13. Mama

47 4 0
                                    

Gevan merasa dirinya semakin membaik. Kesibukan sehari-harinya tidak pernah berubah. Ia bangun untuk melakukan aktivitas seperti biasanya, pergi ke sekolah, merapikan rumah lalu ia masih menyempatkan diri untuk belajar. Dan Gevan tidur untuk mencari ketenangannya.

Rasa sesak yang Gevan rasakan semakin berkurang dalam berjalannya waktu. Walaupun ada masanya di mana rasa sesak itu kembali seperti akan merenggut nyawanya.

Namun lingkar hitam di matanya mulai terlihat, karena Gevan selalu memaksakan diri untuk belajar.
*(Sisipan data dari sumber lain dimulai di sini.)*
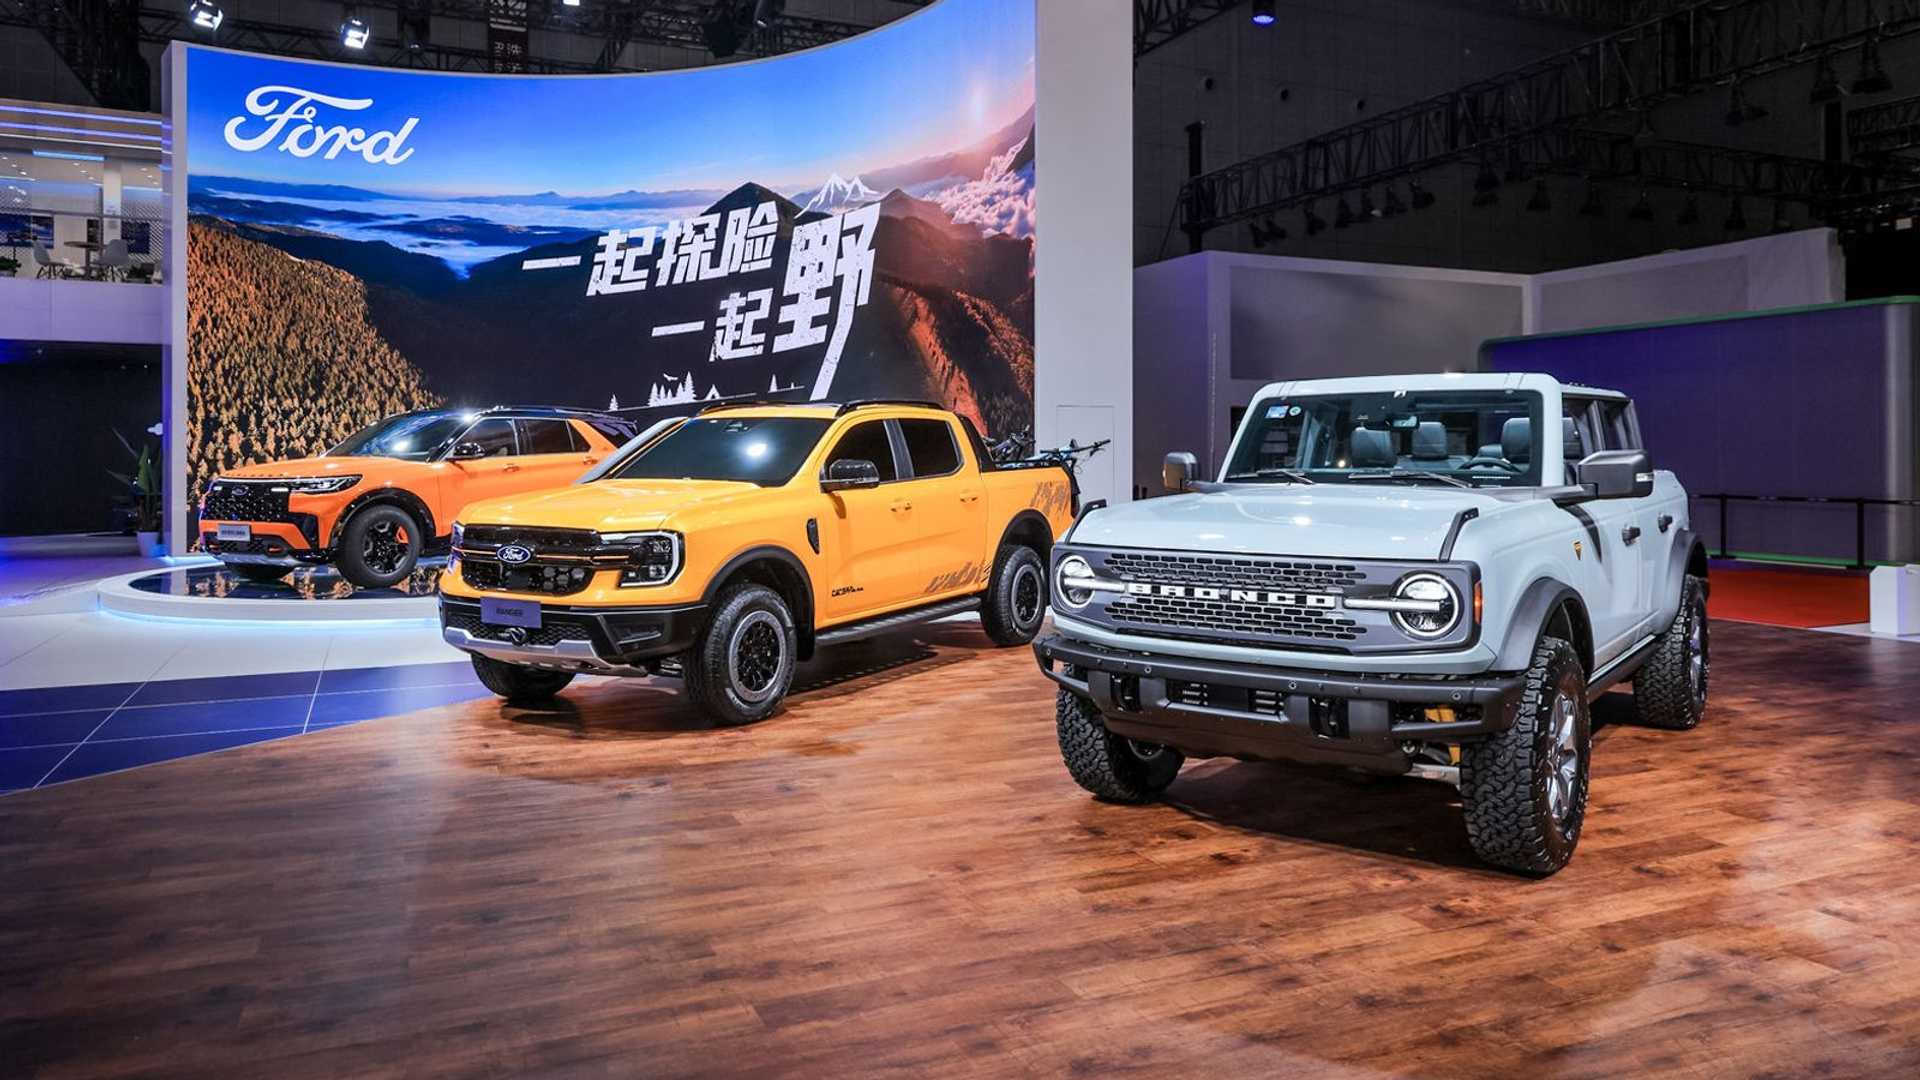 Ford Ranger Just returned from Fiji...6G Ranger already on the road (saw the new Raptor as well). ford-ranger-china-spec

Sebenarnya bukan memaksakan diri, justru Gevan memanfaatkan itu dengan belajar untuk mengisi waktunya kala ia tak bisa tidur di malam hari. Tapi setidaknya dengan cara itu Gevan dapat membuat dirinya lelah dan akhirnya bisa tertidur pulas.

Tapi kalau batuk berdarahnya...

Kringgg!

Gevan menoleh ke arah ponselnya saat mendengar pengingat waktu untuk minum obat. Gevan mematikan alarm itu dan beranjak dari kasur setelah meletakkan pulpen di atas meja.

Gevan membuka laci mejanya, mengambil botol obat dan mengeluarkan tiga butir obat dengan masing-masing memiliki manfaat yang berbeda. Namun saat hendak memasukkan benda pahit itu ke dalam mulutnya, Gevan teringat sesuatu yang membuatnya tidak jadi meminum obatnya.

"Gue belum makan..." lirih Gevan. Ya, dia belum makan siang karena sangat sibuk pada buku-buku tugasnya.

Setelah melihat jam dinding, Gevan meletakkan kembali obatnya ke laci. Lalu dia melangkah keluar kamarnya menuju dapur untuk memasak makanan. Mengharapkan Cheryl untuk memasak seperti halnya tugas seorang istri, itu adalah kesalahan besar. Gadis itu tidak pernah menyentuh dapur jika bukan untuk kepentingan dirinya sendiri. Kasarnya, Cheryl tidak pernah menyumbangkan sedikit tenaganya untuk repot-repot membuatkan Gevan makanan, walaupun hanya sesuap nasi.

Gevan membuka laci yang ada di dapur, mencari bahan-bahan untuk memasak makanan yang simpel tapi setidaknya bisa dinikmati. Mata laki-laki itu melirik ke arah wastafel, kosong. Tidak ada piring atau gelas kotor di sana. Gevan tau kalau itu artinya Cheryl belum makan siang juga.

Gevan tidak pernah membalas perbuatan tidak baik istrinya dengan perbuatan yang sama. Kebencian Cheryl terhadap dirinya ia maklumi sepenuhnya. Cheryl yang tidak bisa menerima kehadirannya juga benar-benar ia maklumi. Karena semua sifat dan perbuatan Cheryl terhadapnya juga terjadi karena Gevan sendiri.

Gevan sibuk memasak di dapur, ia memutuskan untuk membuat dua porsi makanan. Mau atau tidaknya Cheryl menerima makanan darinya, itu hak Cheryl sendiri. Gevan tidak pernah memaksa sesuatu yang nantinya akan membuat istrinya semakin membenci dirinya.

Juga, berterimakasih pada ibunya yang dulu selalu mengajarkan tentang cara memasak.  Ibunya selalu bilang jikalau suatu saat Gevan akan tinggal sendiri, ia tidak akan kesulitan untuk menjalani hidupnya. Tak disangka semua perkataan ibunya terjadi saat ini. Gevan bisa menjalani hidupnya sendiri di bawah nasihat dan ilmu dari ibunya.

Walaupun Gevan kecil dengan pikiran polosnya saat itu selalu berkata bahwa memasak adalah tugas perempuan. Dan jika dia menikah, yang memasak bukanlah dia, melainkan istrinya. Tapi lagi-lagi tak disangka ternyata yang ia lontarkan itu tidak terjadi dalam hidupnya. Menikah atau pun tidak, Gevan mengurus dirinya sendiri tanpa bantuan tangan dari istrinya.

Makanan siap, dua piring nasi goreng sudah tersaji di atas meja. Gevan membuka kulkas untuk mengambil sebotol air. Kebetulan saat itu juga suara langkah kaki terdengar menuruni tangga. Gevan melirik dan melihat Cheryl datang dengan setelan baju yang rapi.

Tak butuh banyak bertanya, hanya dengan melihat jam saja Gevan sudah tau ke mana istrinya akan pergi. "Mau ke tempat les?"

"Hm," Gadis itu menjawab dengan acuh. Tampak enggan bersuara sedikit pun untuk menjawab pertanyaan Gevan dengan benar.